Last week Bill Slawski covered a patent that has just been granted to Google, named “Determining spam in information collected by a source.” As it is immediately obvious from its name, the patent discusses methods for discovering spammy information coming from third-party sources. This seems to cover mostly (but apparently not limited to) business entities. Therefore, it would be safe to say that the patent discusses local citations and how a search engine might determine if the citation carries purposefully set incorrect information (spam). The two main ways, according to the patent, are:
- By measuring the “frequency of occurrence” of each phrase/element of the citation
- By measuring the “trustworthiness” of each source
I will not dabble further into the explanations of how each of these two factors are counted and how the whole system works, but I’d rather focus on the practical implications.
What It Tackles
Google obviously would like to present the most accurate and complete information to its users. This is possible only if it obtains this information from as many sources as possible. However, some of these sources might sometimes provide inaccurate or even spammy information, so Google needs methods to find it. Some obvious examples of information Google would rather completely disregard are telephone number in the business name, mentions of words such as “discount”, “sales”, etc. In other cases it might be more difficult for Google to understand if particular content is correct or not. An example would be “[Business Name] in [City]“, or even worse – “[City] [Business Name]” (as in Miami Printing, which is the actual name of a real business).
The patent gives examples mostly related to the category of the business, but I believe the practical implications are mostly related to the business name. It is a known and widely approved fact that the business name plays role in how Google ranks the local search results (see factors #15 and #22 here). That is why over the years many have adopted the bad practice (intentionally or not) to add extraneous keywords to the business name in their Google local listings. When Google started getting stricter, the “practitioners” (predominantly black hat SEOs) got smarter and started creating citations with the business name including the keywords. That way the third-party data would support the information the “business owner” submits via Google Places.
Reading through the patent, two major threats occur in my mind:
1) The main one is that Google seems to rely a lot (probably too much) on information coming from “trusted sources” (according to the patent a source can be designated “as a trusted source based on, for example, a reputation of the source or previous dealings with the source or combinations of them”). This means that it is theoretically possible that if a source is trustworthy enough, it is possible that Google might take the information from this source for granted and would never disregard it or check its accuracy. Examples of such sources would be LocalEze and Infogroup/CityGrid in the USA, and YellowPages.ca in Canada. Translated in local SEO language this means that it is possible that if a listing is added to LocalEze (for example) and the same business information is not found anywhere else on the web, Google might still create a new listing using this information. This obviously opens up a big hole in the described system, because Google would be very dependent on such third-party trusted sources. And it is important to mention that many of these potentially trusted sources have close to no mechanisms for checking the authenticity of the business information added to their databases (other than phone verifications, which is an insufficiently reliable method).

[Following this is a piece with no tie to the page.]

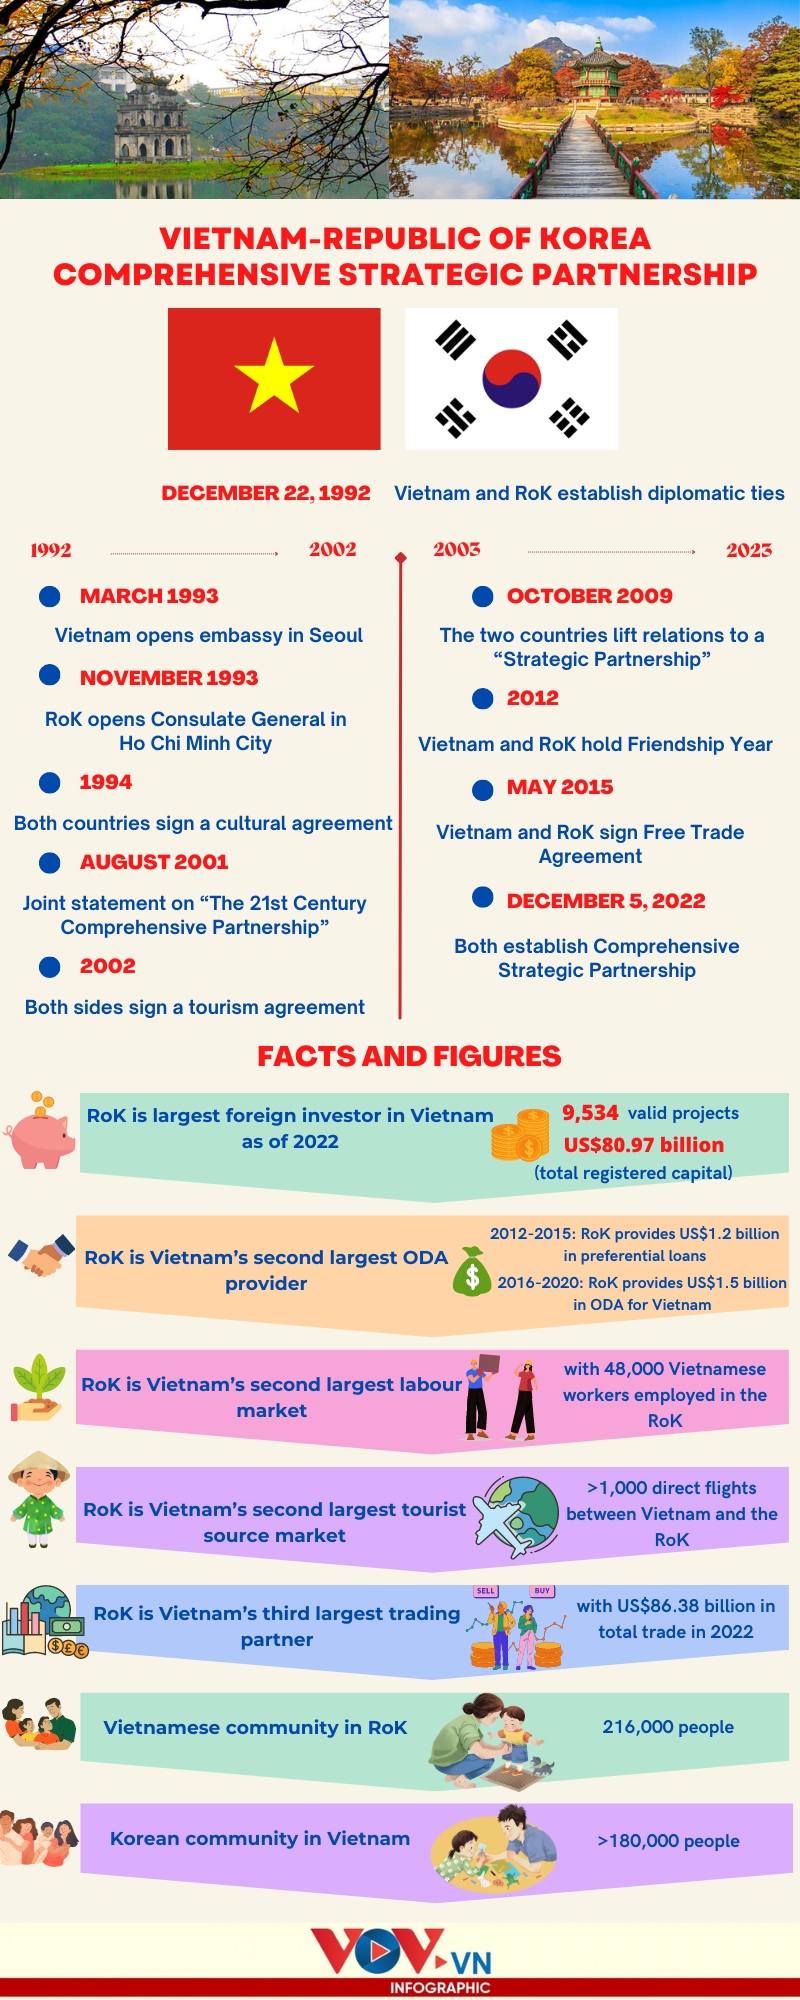 significant milestones in vietnam-rok partnership picture 1

2) My other concern is related to businesses that actually do have such words (regarded as spam) in their business names, websites, or even physical addresses. How Google has historically been dealing with such situations is they were withholding the activation of a listing that contains such words (the biggest publicly available list of these is here) and they have manually been verifying the accuracy of the information. However, according to the patent even words such as city names could be considered spammy, which opens up a broad field for false positives.
What This Means from Local SEO Point of View
As mentioned above, there are two main factors taken into account – trustworthiness and frequency. While the patent doesn’t discuss these factors in regards with organic search rankings, it could be assumed that similar methodology is used when determining the value of citations and how business listings are ranked. This means that we could distinguish between two types of local citation sources:
1. Qualitatively-important – such as the aforementioned LocalEze, Infogroup, CityGrid, Yellowpages, etc.
2. Quantitatively-important – either less authoritative or less-probable-to-be-citation-sources sources.
To have a strong “citation profile”, you must cover the first type of sources, and just after this you should proceed with looking for further volumes and opportunities. At the same time while 2. could be useless without 1., 1. would be (in many cases) insufficient without 2.
I believe Google has been using this (or similar) method to detect and disregard spammy information coming from third-party sources at least for some time. Nevertheless, the patent comes to shed further light on the systems Google adopts to find, compile, and process business information.